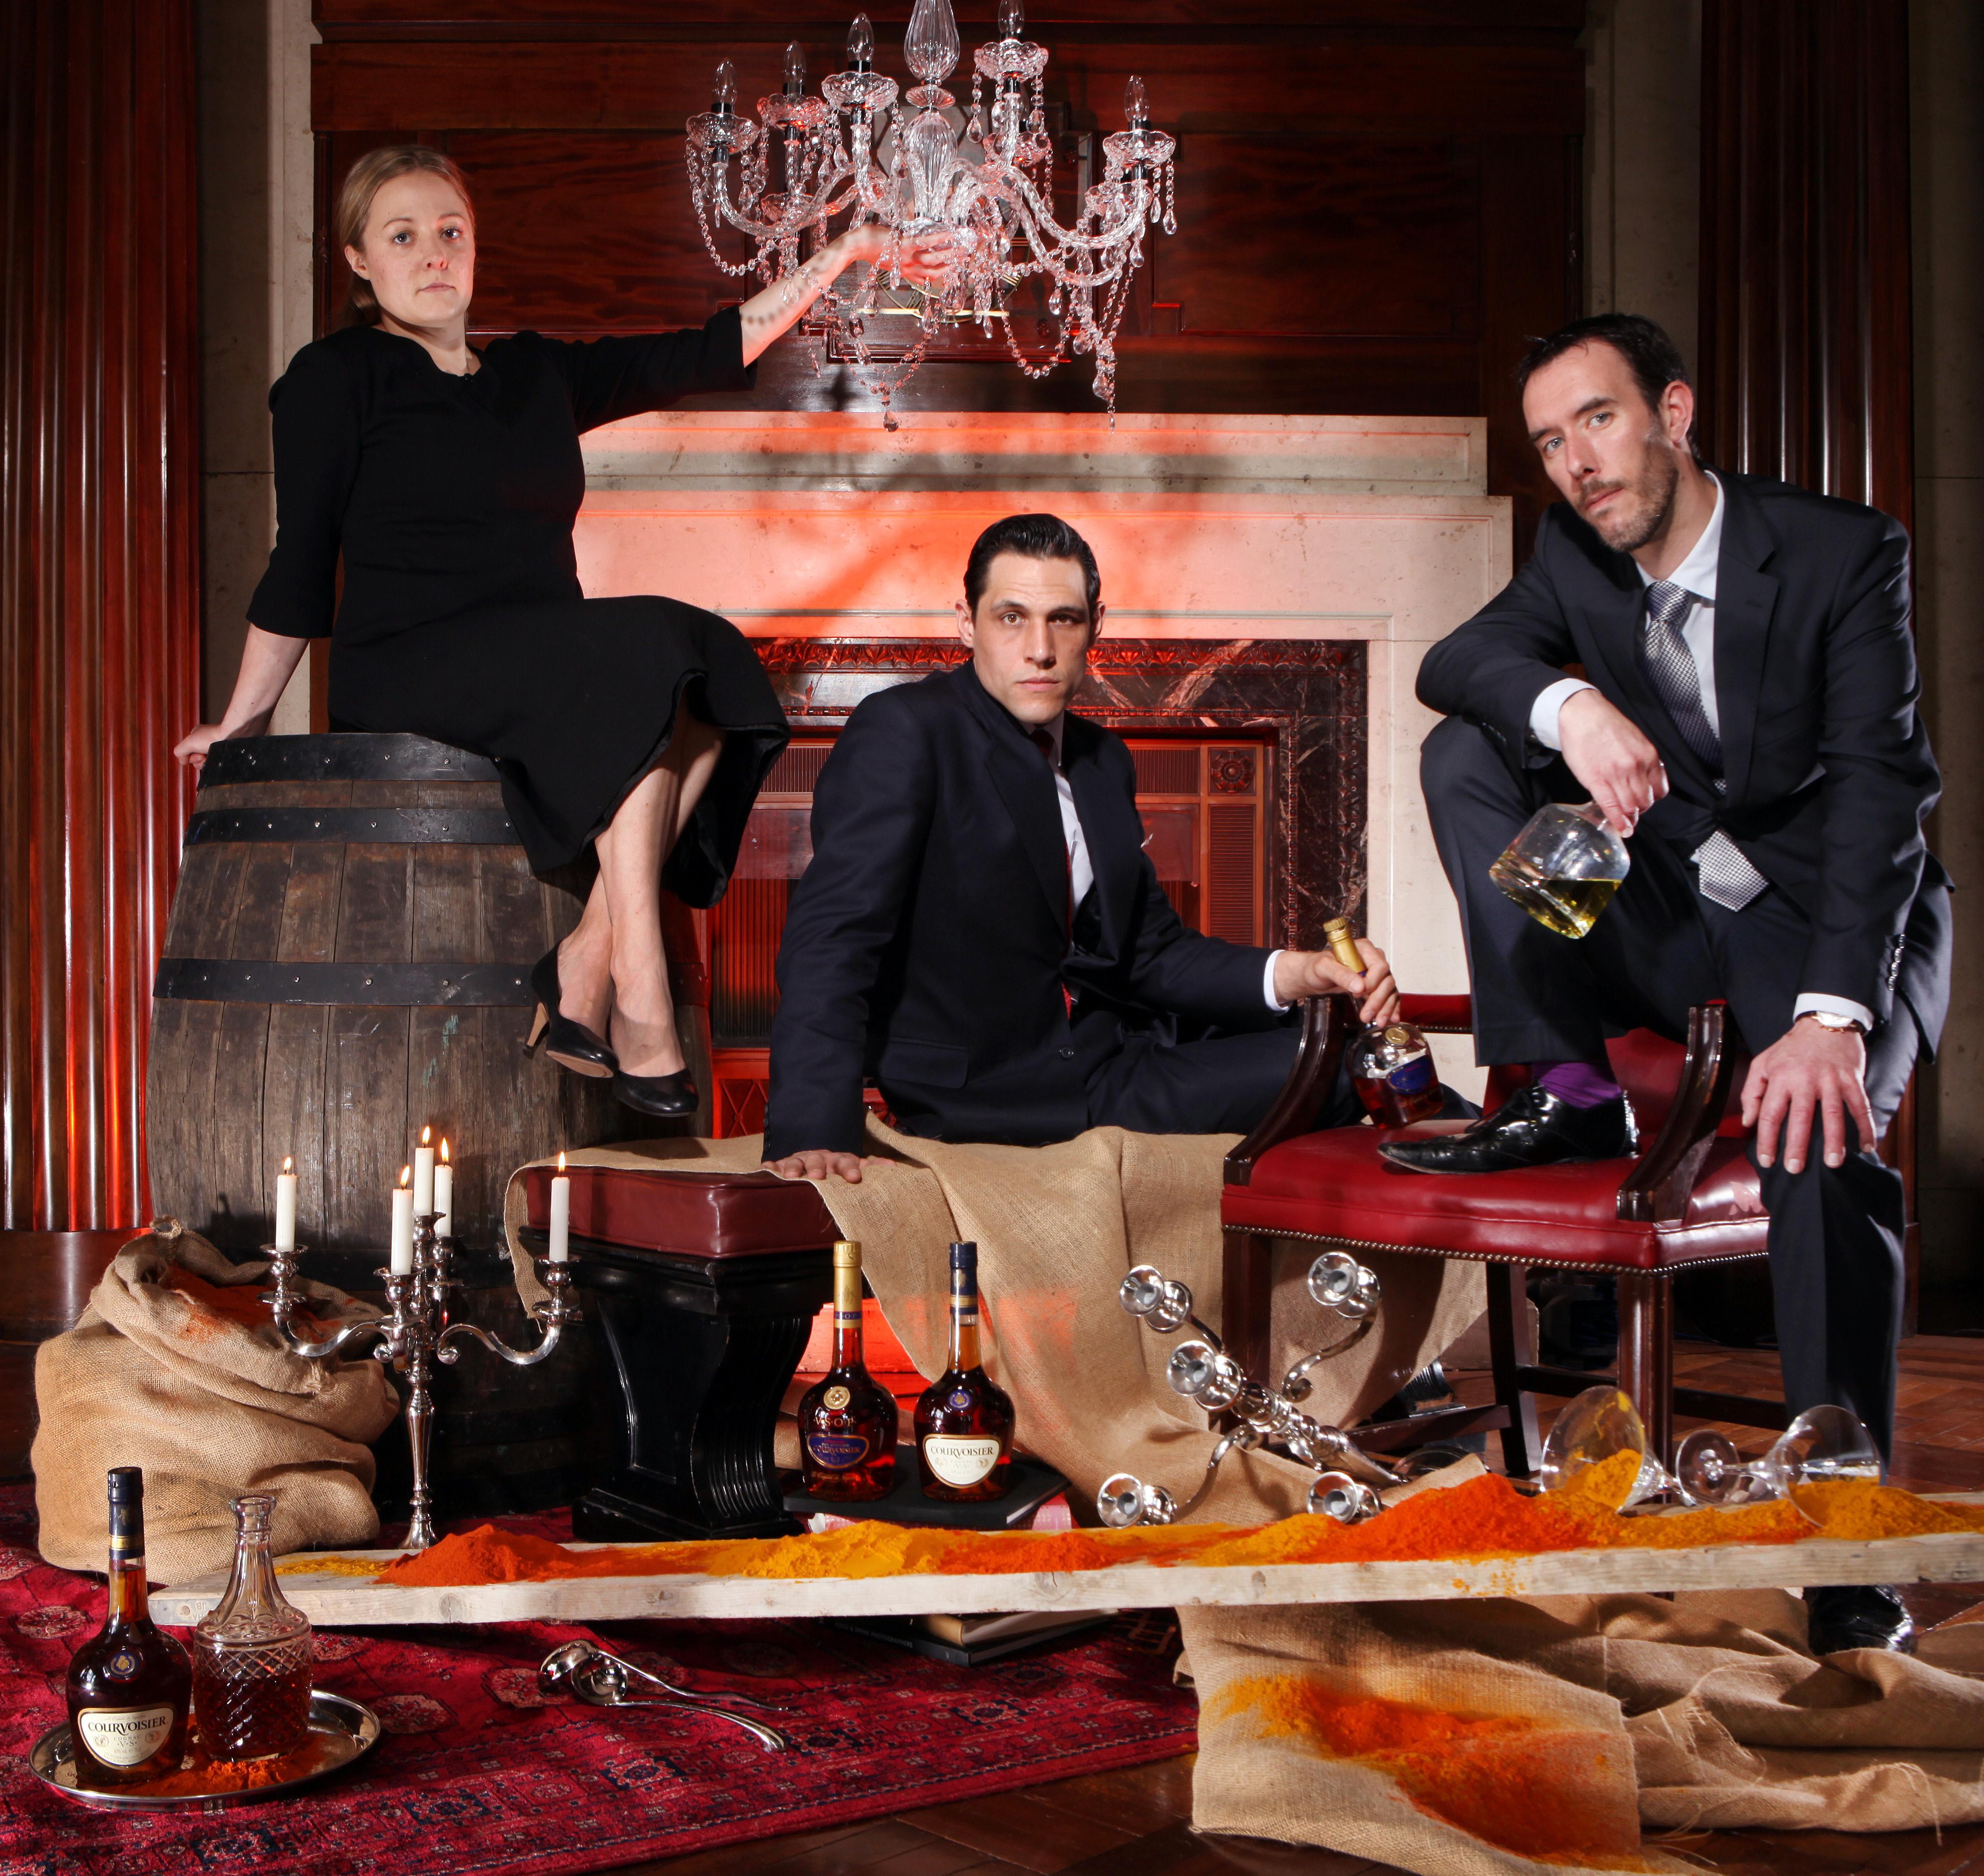 Courvoisier brand ambassadors.
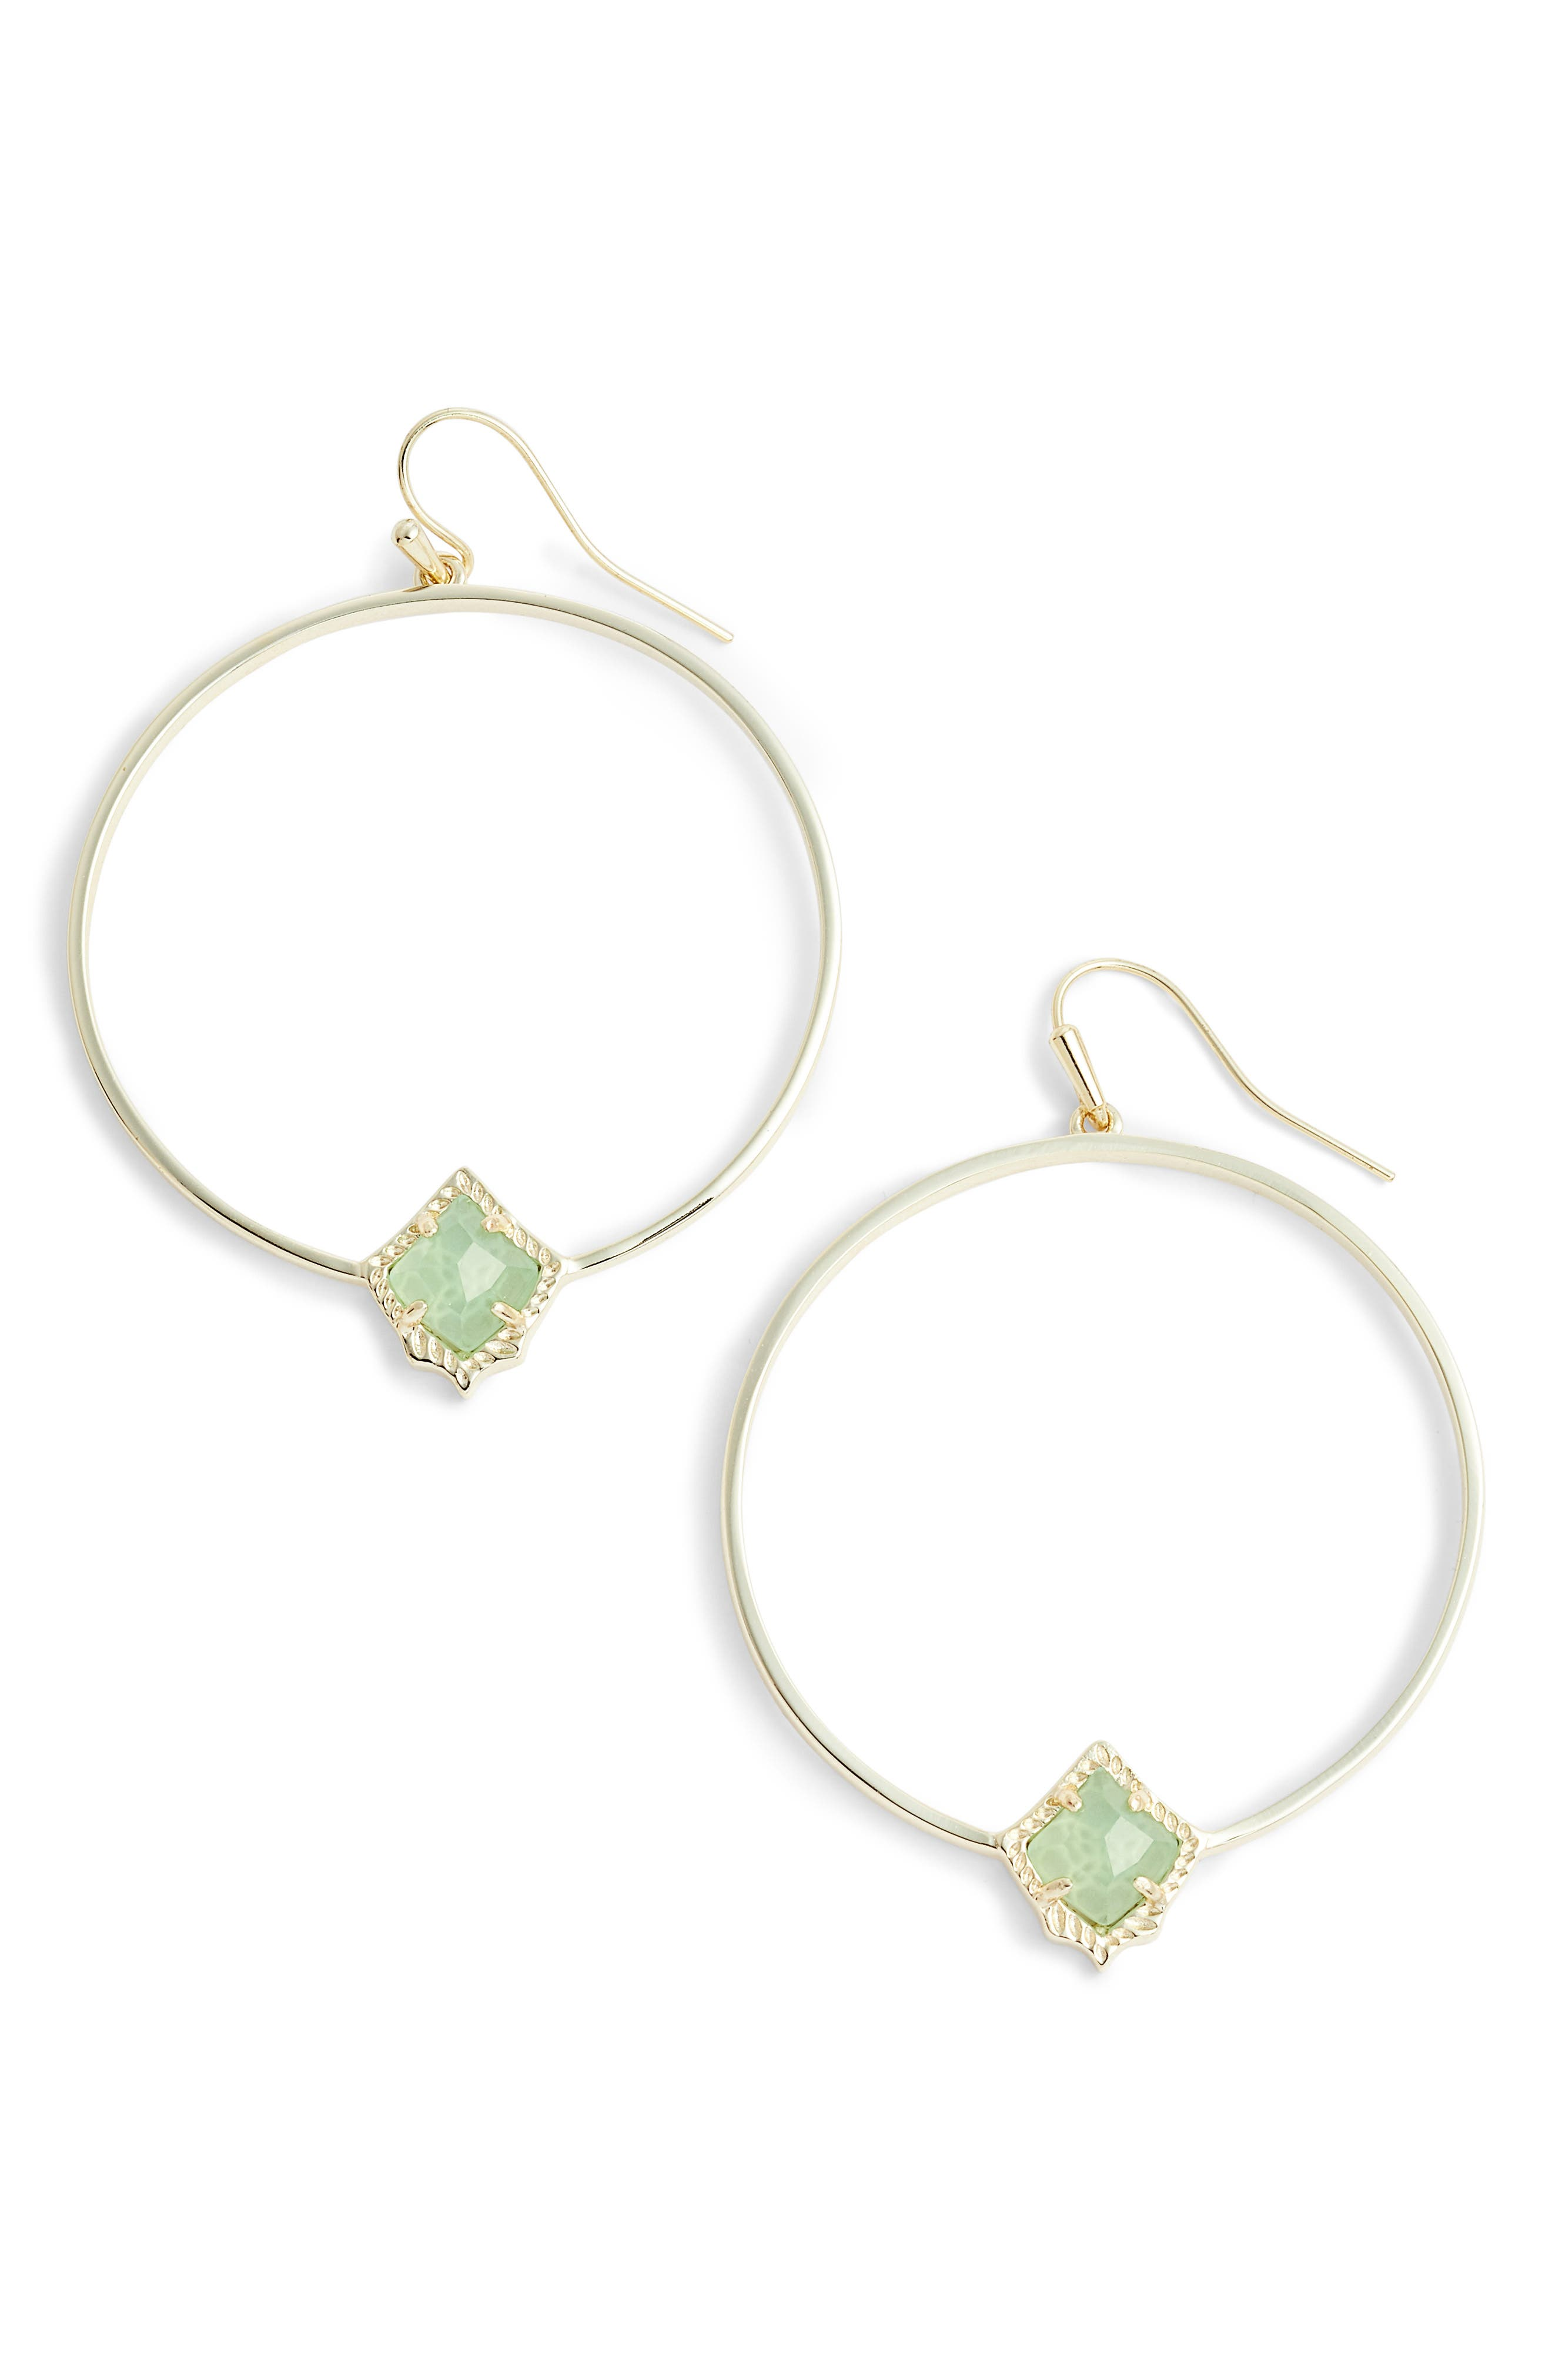 Elberta Hoop Earrings,                             Main thumbnail 1, color,                             Chalcedony/ Gold
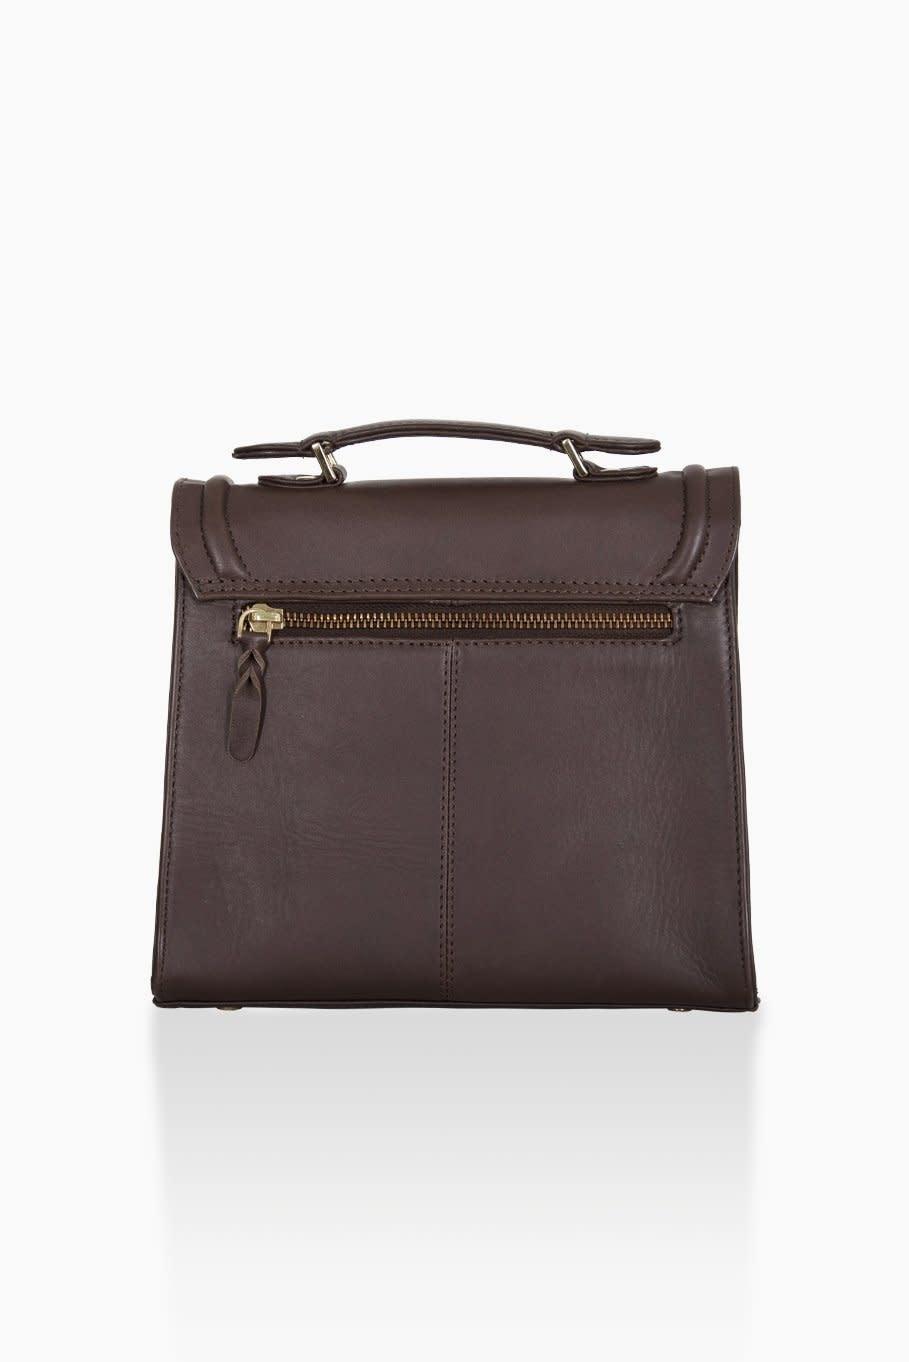 Détail Detail Balance handbag Fondant anaconda 22 x 9 x 18 cm
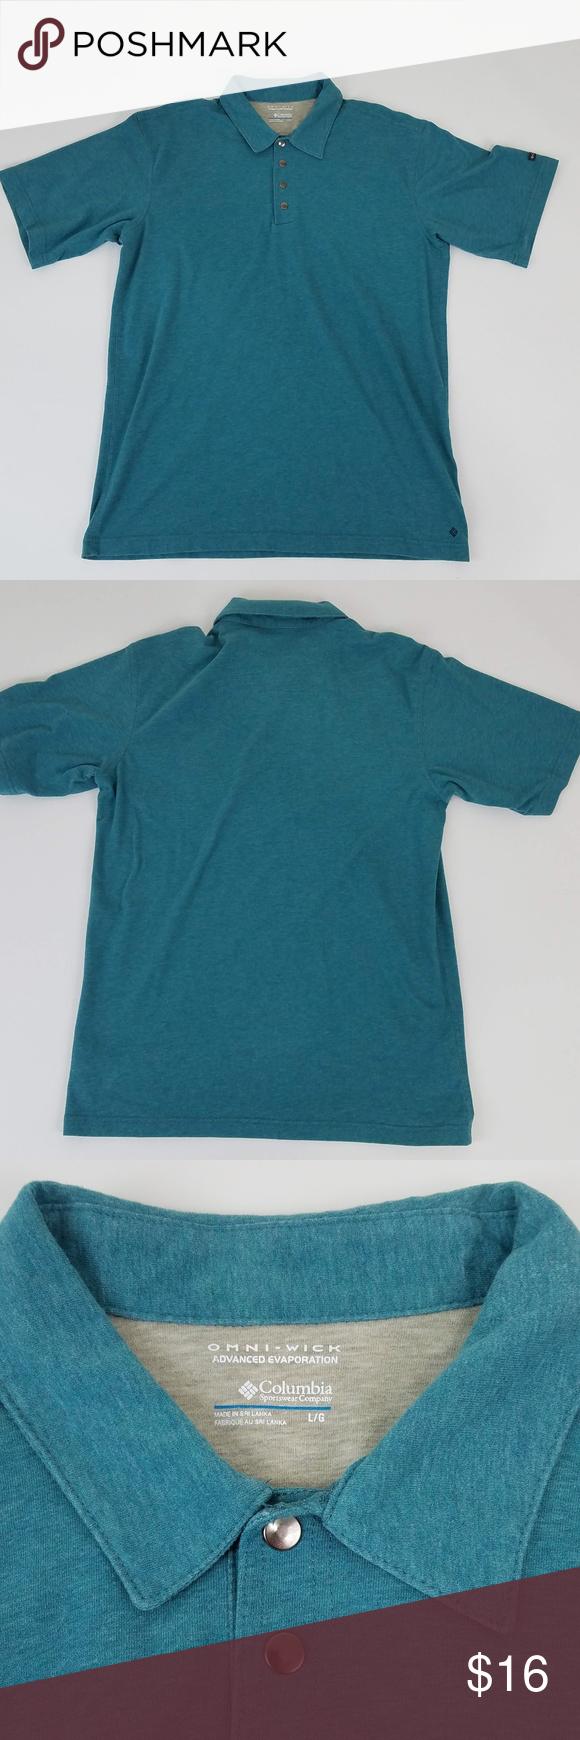 fb44b5e4d99 Columbia Men's Large Polo Shirt Omni-Wick Men's Columbia Omni-Wick  Turquoise 4 Snap Button Short Sleeve Polo. Logo on Sleeve. Size Large. Made  in Sri Lanka.

Task description:
Retype the whole listing exactly and leave the pictures out.

Task solution:
 Courvoisier brand ambassadors.
 Elberta Hoop Earrings,                             Main thumbnail 1, color,                             Chalcedony/ Gold
 Détail Detail Balance handbag Fondant anaconda 22 x 9 x 18 cm
 fb44b5e4d99 Columbia Men's Large Polo Shirt Omni-Wick Men's Columbia Omni-Wick  Turquoise 4 Snap Button Short Sleeve Polo. Logo on Sleeve. Size Large. Made  in Sri Lanka.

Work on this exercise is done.